[ricksharp]

Interesting discussion. I’d like to ask a sincere question:

Wouldn’t a system A that is capable of encoding another complex system B, need to be as complex in order to encode all the information in the result?

It’s like a compression algorithm, you can encode the information, but the complexity level of that information is still there (also the difficulty in compressing the information increases very fast - exponentially or maybe even factorially).

So if the most basic protein sequence requires so many bits of information, wouldn’t anything capable of producing that (in a non-random manner) also require at least that level of information (if not more).

It doesn’t matter what process we call systems A and B.

So it seems if randomness doesn’t solve the problem (because math), then the only conclusion is that there is a fundamental requirement for intentionality.

[Cogito]

It's possible for a simple thing to encode something more complex, deterministically.

The prime example is The Game of Life - simple rules from which complex behaviour emerges.

This idea of information is one we're putting onto the system, not some inherent attribute. Yes, the encoding of a protein needs to have enough information to produce that protein (or a family of proteins), but that says nothing about the process that created the encoding.

For example, a strand of RNA can be spliced in many different ways to create many different proteins [0] and this process can go weird in many ways. New sequences will arise from this process, even though they weren't 'intended' to.

[0] https://en.wikipedia.org/wiki/RNA_splicing

[ricksharp]

The Game of Life doesn't produce complex behavior from simple rules.

The complex behavior comes from a large enough random starting state combined with a very low minimal required complexity to see something interesting. Also, even for a short interesting run of local behavior, the game never produces a stable behavior that grows in complexity beyond the initial information encoded in the random state. (i.e. if there is a bubble of cool stuff happening somewhere on the 2d plane, something usually interferes with it and destroys that pattern - like waves in the ocean, even when the energy curves combine to form a wave once in a while, they are limited and temporary).

So the Game of Life is actually an example that the system is limited to the information encoded in the initial starting state.

In the starting state there is either:

- a large enough random search space (i.e. a million random attempts with a 100x100 board might get something cool looking)
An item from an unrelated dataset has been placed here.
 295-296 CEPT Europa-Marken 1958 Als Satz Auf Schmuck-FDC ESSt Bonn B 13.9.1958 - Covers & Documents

- intentionality (a person can design a starting state that can produce any possible stable system)

[erichocean]

Yes, and useful proteins are basically the equivalent of "oscillators" or "spaceships" in the game of life. But must runs of the game of life are not oscillators or spaceships, just like most proteins are useless.
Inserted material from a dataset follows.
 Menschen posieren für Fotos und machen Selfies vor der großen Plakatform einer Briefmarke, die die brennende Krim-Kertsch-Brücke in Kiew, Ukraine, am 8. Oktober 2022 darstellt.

That's why the "initial condition" is so important, and why DNA is so important: without a good "start state", you get useless results—just like in the game of life.

What we are trying to find is not Conway's rules for the game of life, but this: how do we produce useful starting states (DNA) with a physical system? And more importantly, how do we create those starting states preferentially (i.e. non-randomly)?

We still need a model for how useful DNA (which corresponds to the "initial state" in the game of life) gets created. And we have no model for that right now, other than assuming unique random initial states are continually occurring and letting the law of large numbers eventually "find" winners.

[Cogito]

For DNA, at least, it could have come from RNA (as per the link in my last post).

While I don't think the pre-biotic problem is solved at all, we have a lot more models of how it could have happened than you seem to credit - this is after all a huge research area.

For example, here is one [0], and here is a whole journal issue on the subject [1].

I found these by searching for 'evolution of DNA' and 'evolution of RNA'.

Now, these models all include some randomness, but in no way does anyone assume "unique random initial states are continually occurring... letting the law of large numbers eventually "find" winners"

The models show plausible environments where pre-biotic synthesis of RNA (or RNA pre-cursors) can occur, and stabilise.

This model you keep bringing up - randomly selecting a molecule from all possible combinations of atoms and saying 'enough time will get you one that works' - is not mentioned anywhere that I have seen. Perhaps some lay-people (of which I am definitely one!) believe it, but as you point out it is so obviously implausible it falls down on first inspection.

There are other models (lots of them!) and they don't rely on this pure randomness.

[0] https://phys.org/news/2018-01-chemical-evolution-dna-rna-ear...

[1] https://www.mdpi.com/journal/life/special_issues/evolution-R...

[c1ccccc1]

Minor side note, but most runs of the game of life actually will produce spaceships and/or oscillators, even starting from a random configuration. (Initialize a 100 x 100 box of cells randomly, and you're virtually guaranteed to get several gliders flying off of the resulting mess.)